Ft+1 = Ramalan untuk periode t+1
Xt = Nilai rill periode ke t
Ft = Ramalan untuk periode ke t
α = Bobot yang menunjukan konstanta penghalus

Metode ini dapat digunakan karena pola data yang dihasilkan bersifat stasioner dan tidak memiliki kecenderungan musiman dan trend.

2. Forecastt Error

Forecast error yang digunakan dalam perhitungan untuk menguji hasil peramalan adalah Mean Absolute Error (MAE).

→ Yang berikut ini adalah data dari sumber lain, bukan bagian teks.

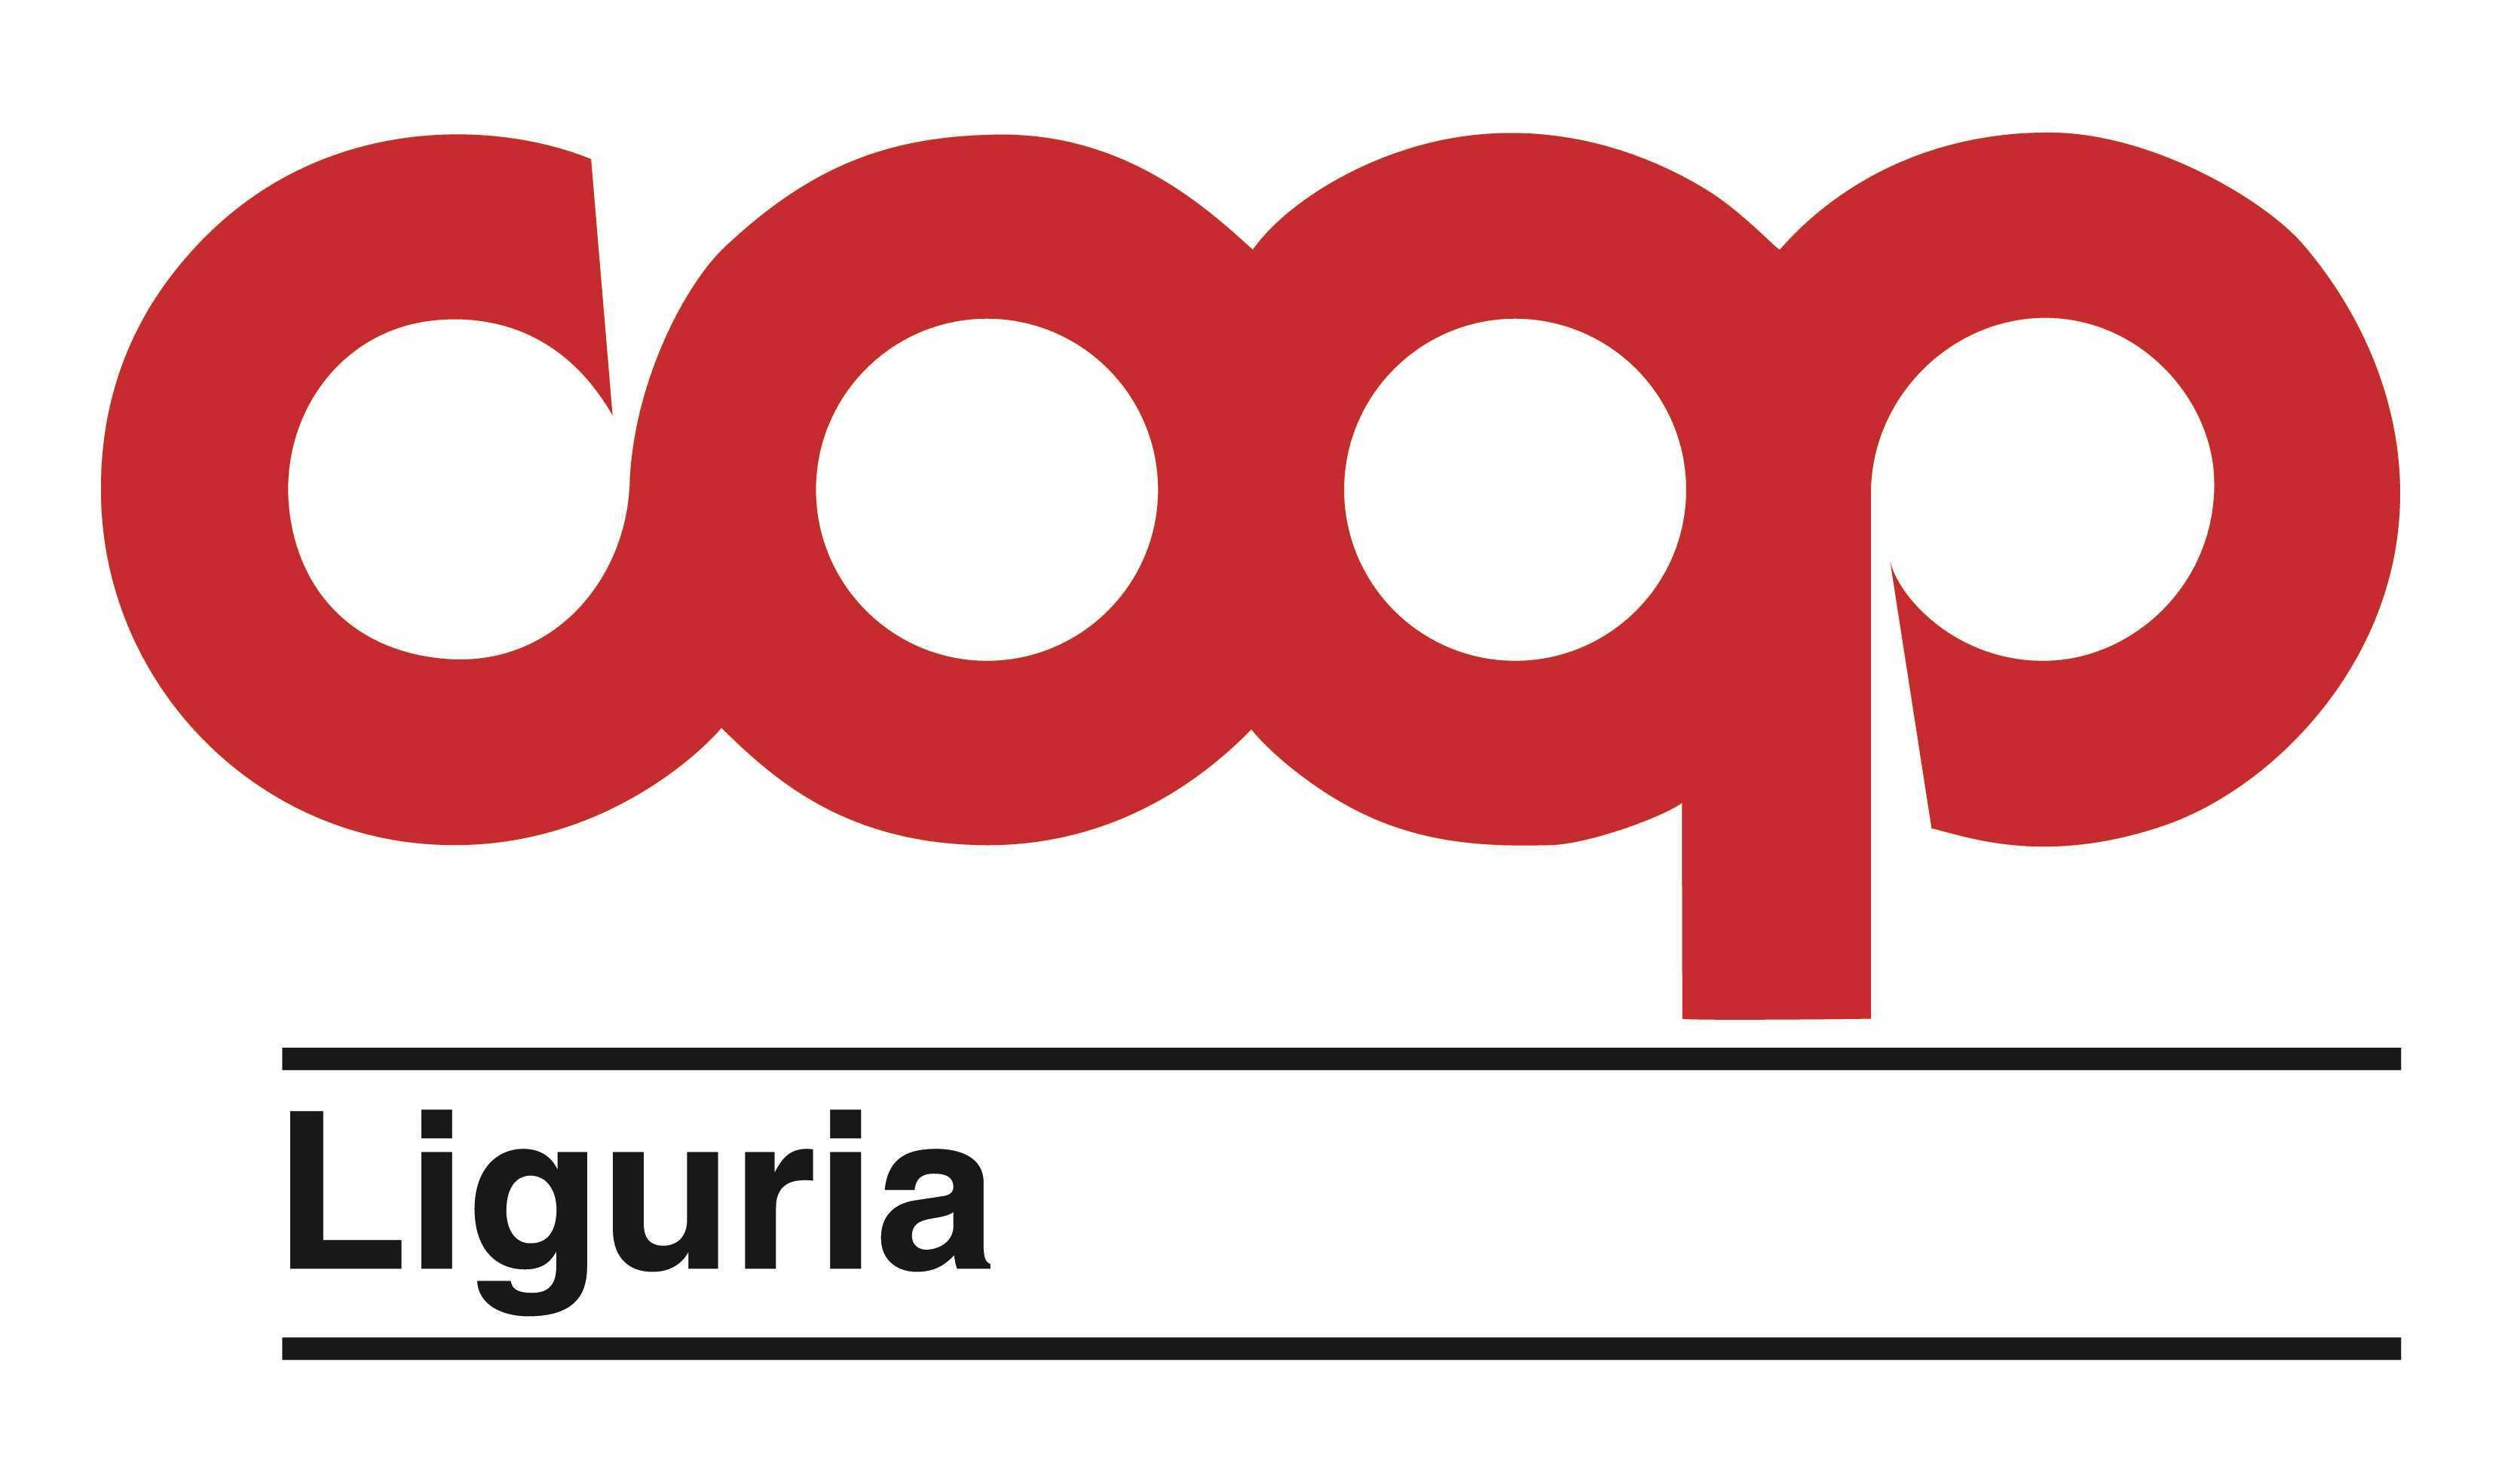 coop-liguria-logo

MAE adalah rata rata absolut dari kesalahan perkiraan tanpa menghiraukan tanda positif maupun negatif.

Berikut adalah rumus MAE:

MAE = ∑(Xt – Ft)/n

Perkiraan perencanaan persediaan farmasi agar berjalan lancar, efektif dan efisien maka perlu dilakukan monitoring.

Monitoring merupakan kegiatan mengamati atau meninjau kembali dan mempelajari serta mengawasi secara terus menerus atau berkala terhadap pelaksanaan kegiatan perencanaan atau perkiraan kebutuhan persediaan farmasi yang sedang berjalan.

Kegiatan monitoring ini bertujuan untuk :

  • Mengkaji apakah kegiatan-kegiatan yang dilaksanakan telah sesuai dengan rencana
  • Mengidentifikasi masalah yang timbul agar langsung dapat diatasi
  • Melakukan penilaian apakah pola kerja dan manajemen yang digunakan sudah tepat untuk mencapai tujuan kegiatan.

Sistem perkiraan dan monitoring persediaan obat dilakukan pengujian dengan pengujian black box. Pegujian ini berfokus pada persyaratan fungsional perangkat lunak.

Analisis perkiraan ini bertujuan untuk membantu kepala instalasi farmasi rumah sakit dalam menentukan jumlah obat yang harus disediakan.

Monitoring persediaan merupakan upaya pemantauan persediaan untuk menjaga agar persediaan tersebut selalu dapat mencukupi kebutuhan pelanggan tanpa mengalami kelebihan atau kekurangan.

Analisis Monitoring bertujuan untuk membantu bagian gudang dalam memantau persediaan stok obat yang terdapat di gudang. Perencanaan kebutuhan obat telah selesai dibuat selanjutnya diserahkan kepada bagian pengadaan. Bagian pengadaan ini akan membeli secara langsung kepada PBF.